If Sudhirji can help us on understanding the overall cash outflow for the business over the next 9 months? And what could be the peak debt that will actually calm down the nerves a bit purely because till then we'll have full clarity on what is the equity funding plan and then we can work around the further numbers. So those are my 2 questions, sir.
So on the first question regarding the management bandwidth, what we do at Amber is the moment we start the due diligence process of any company - prospective company to be acquired, or to be partnered with, we, first of all, onboard who's going to lead that portion and who's going to integrate those companies after we acquire. So that is a proactive approach which we take.
Just to give an example, when Ascent Circuits was acquired, parallelly Santosh was onboarded, who was MD and CEO of the company, large company catering in India, multinational company.
And then parallelly, Mr. Agarwal joined us, who is taking care of the Electronics division with Sanjay Arora.
And now since Power-One and Unitronics have been onboarded, already the team leaders who will be heading this have been onboarded from large multinational companies. They have already joined. In fact, most of the vetting of the products and also the technical due diligence has been done by our own team now. So this is a proactive approach which we take.

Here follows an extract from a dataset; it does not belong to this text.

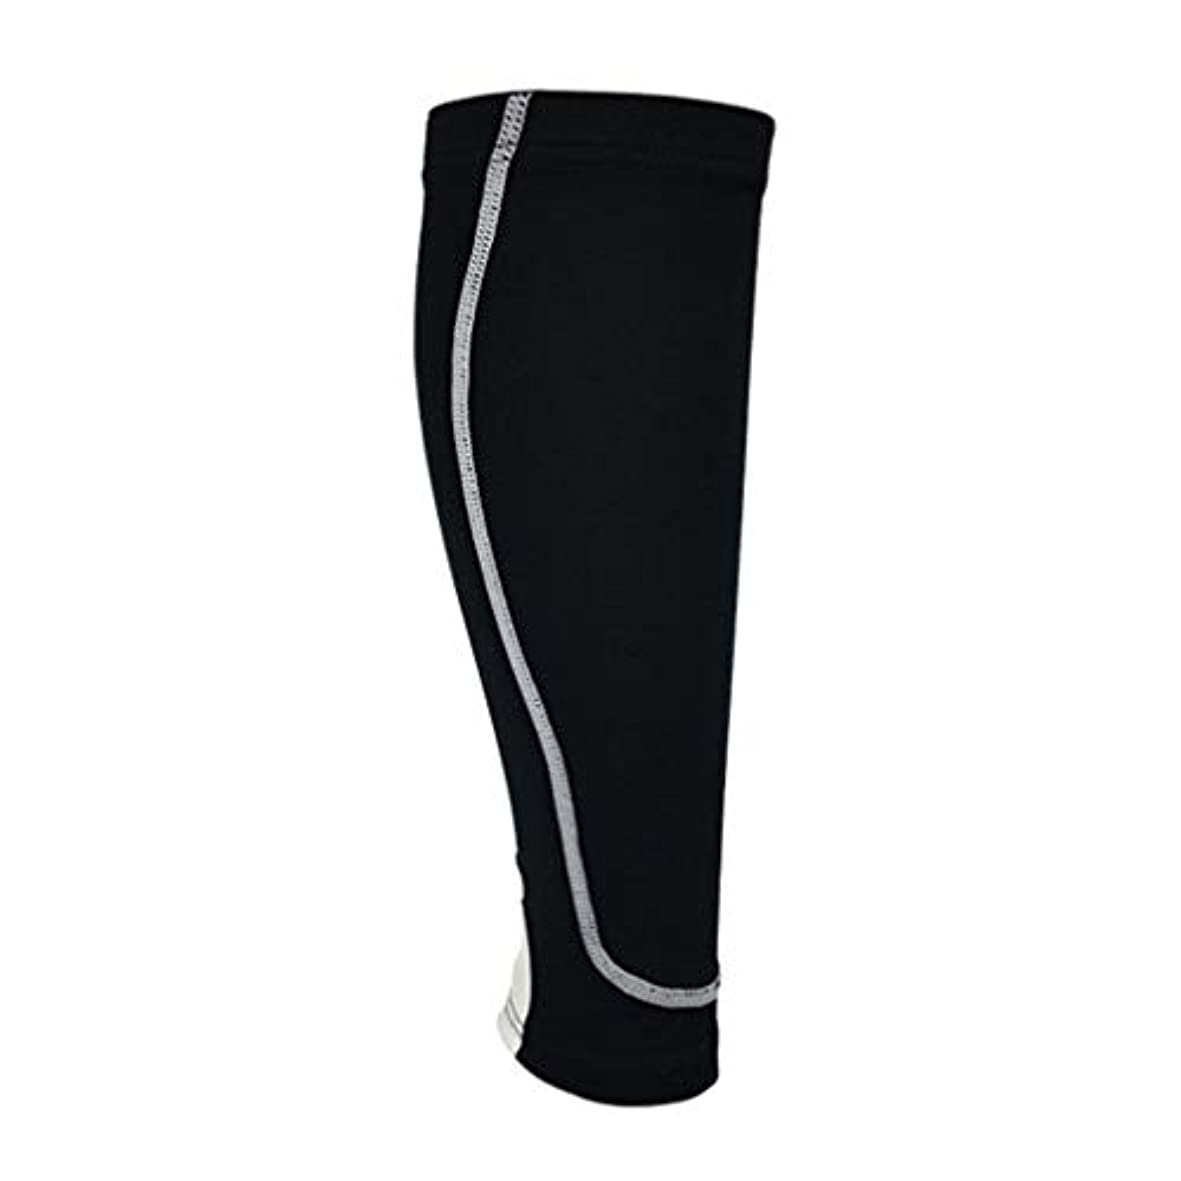 ゲストぼろ移住する伸縮性がある足はスポーツのための足の袖の換気の圧縮の足のパッドを暖めます-Rustle666

And good part of these, both 2 acquisitions is that both the promoters are -- they are traveling our journey further with us. So they will be with us for the next 5 years. And we don't think any big change coming in. And the large part of the CEOs of the company, they have agreed to continue with us. So we don't see any big change and challenge on the management bandwidth.
As far as the Korea Circuit JV's capex is concerned and the numbers on the debt levels, what you were asking, I would like to tell all of you that at Amber, I would, in fact, like to guide this to all of you that at Amber, we have taken a very strategic decision that we should be net debt- free company by next financial year end. So that is our plan.
In case though we have a policy and principle approved at the Board level that we will never ever cross 2x of debt EBITDA. But looking into the current situation and the capex plans, we will be raising some funds, and we'll keep you all posted. I think we are aiming to be a net debt- free company by next financial year.
Thank you. Ladies and gentlemen, due to time constraints, that was the last question for today.
I now hand the conference over to management for closing comments.
Thank you, everyone, for joining on the call. For any further information, kindly get in touch with our Head of IR, Mr. Ravi Kharbanda or Rohit Singh from our IR team, or Strategic Growth Advisors, our Investor Relations Advisors. Thank you very much. Have a good day ahead.
On behalf of Amber Enterprises India Limited, that concludes this conference. Thank you for joining us, and you may now disconnect your lines.